O senador Contarato afirma que o episódio em São Paulo não é fato isolado. Muitas cidades brasileiras têm incentivado a chamada “arquitetura defensiva” em função da especulação imobiliária de determinadas regiões. Outros exemplos dessa arquitetura incluem bancos sem encosto, ondulados ou com divisórias, cercas eletrificadas, muros com cacos de vidro, pedras ásperas e pontiagudas.

“A ideia por trás dessa lógica neoliberal é a de que a remoção do público indesejado em determinada localidade resulta na valorização de seu entorno e, consequentemente, no aumento do valor de mercado dos empreendimentos que ali se localizam, gerando mais lucro a seus investidores”, destacou Contarato.

O senador Paim observou em seu relatório que a situação é agravada pela pandemia da covid-19, pois a doença atinge mais fortemente a população de rua, sem abrigo e água para se proteger do vírus. Em vez de ser expulsa, essa população deveria ser acolhida.

O único voto contrário foi do senador Carlos Viana (PSD-MG). Ele justificou que, apesar de aplaudir as ações do padre Júlio Lancelotti, a proposta cria situações que podem “limitar o poder decisório dos gestores municipais”. Viana entende que o termo “arquitetura hostil” pode causar dúvidas e imprecisão, sendo necessário discutir a matéria com associações de prefeitos, gestores municipais e o Ministério Público.

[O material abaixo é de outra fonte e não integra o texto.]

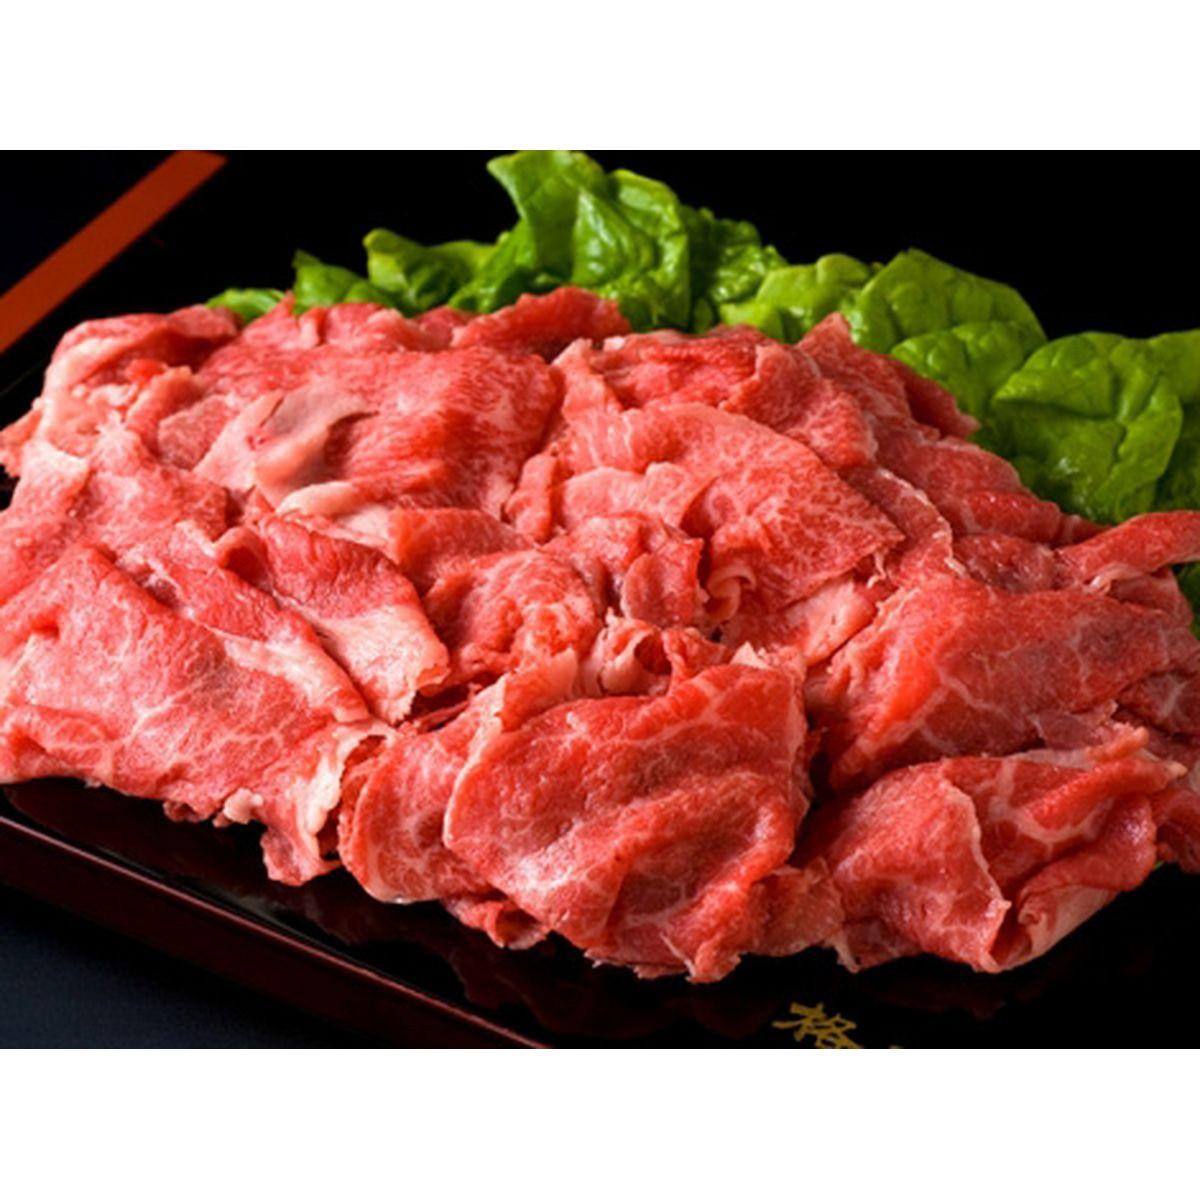 Kanzaki (格之進)厳選国産牛肉切り落とし 2kg(250g×8)

Em resposta, o senador Contarato ressaltou que o termo “arquitetura hostil” é embasado por arquitetos e instituições relacionadas à área. Ele também citou o artigo 182 da Constituição, o qual orienta que a política de desenvolvimento urbano é executada pelo poder público municipal a partir das diretrizes gerais fixadas em lei pela União.

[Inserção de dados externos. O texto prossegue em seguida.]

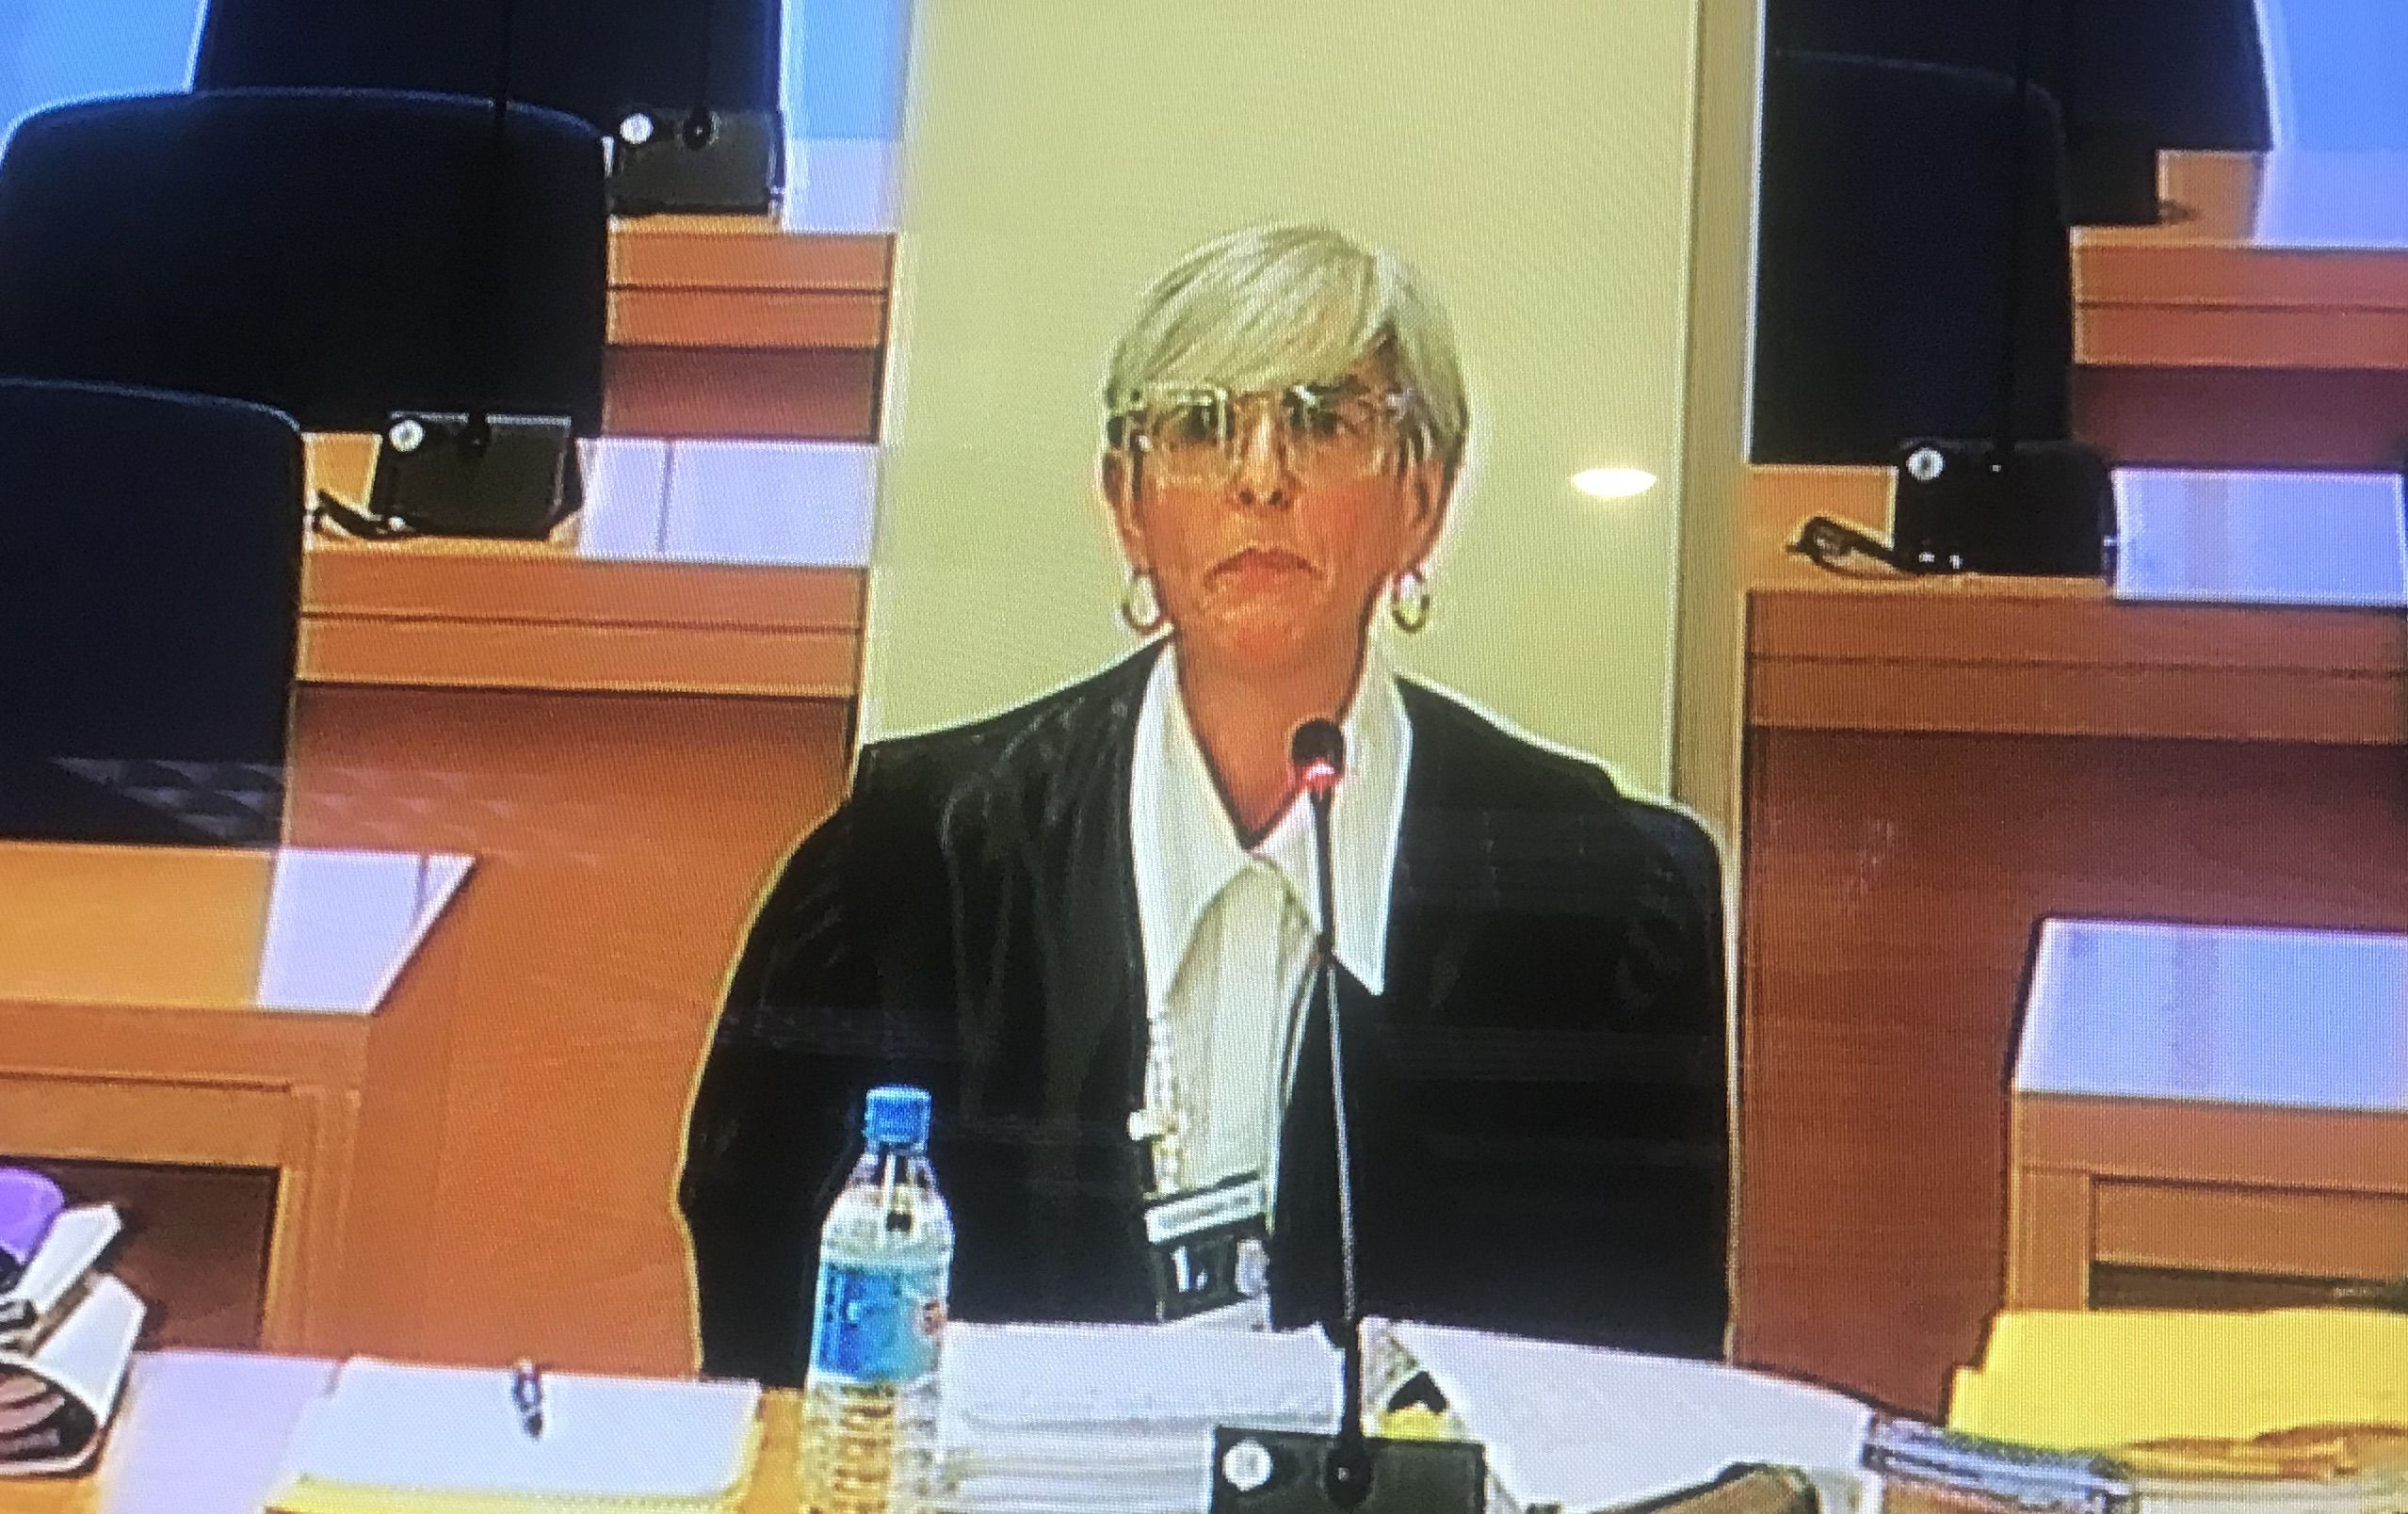 Olga Tubau durant les qüestions prèvies

O pleno desenvolvimento das funções sociais da cidade dever garantir o bem-estar dos seus habitantes. Logo, deve prevalecer o interesse da cidade como um todo e isso precisa ser respeitado pelo gestor municipal.

Contarato justificou que não defende fixar moradores de rua nos espaços públicos. Contudo, o impedimento à sua circulação por meio da arquitetura hostil é inaceitável, pois agrava o problema social:

“Não bastassem a invisibilidade e as mazelas sofridas pelas pessoas em situação de rua, que hoje totalizam cerca de 222 mil indivíduos no Brasil, o Estado, sob pressão do capital financeiro, tenta removê-los até mesmo de um lugar em que se abrigam da chuva”.

Acessibilidade urbana e redução da marginalidade

A arquitetura urbana, além de não ser hostil, deve promover conforto, abrigo, descanso, bem-estar e acessibilidade na fruição dos espaços livres de uso público, de seu mobiliário e de suas interfaces com os espaços de uso privado.

Conforme o senador Paim, praças, calçadas e parques devem propiciar fruição da paisagem, encontro, lazer e descanso. Esses espaços não deveriam ser apenas passagem entre propriedades privadas. Essa desagradável experiência para o pedestre contribui para agravar os problemas urbanos, induzindo ao maior uso do automóvel.

O resultando é o aumento da poluição, congestionamento de trânsito e espraiamento urbano. Dessa forma, haverá hostilidade e marginalização daqueles sem acesso a habitação regular ou que, momentaneamente, necessitam de acesso ao espaço público para repouso.

Em tese, o desenvolvimento urbano deveria permitir o acesso democrático aos espaços públicos e reduzir a marginalização. Qualquer interesse ou ação contrária deve ser repudiada pelo Estado.

“A raiz do problema está na pobreza, na marginalização e na falta de moradia digna. Tirar pessoas vulneráveis do alcance da vista não resolve tais problemas. Pelo contrário, aprofunda ainda mais a desigualdade urbana”, observou Contarato.


Fonte: Agência Senado, publicado em 31.03.2021, com ajustes.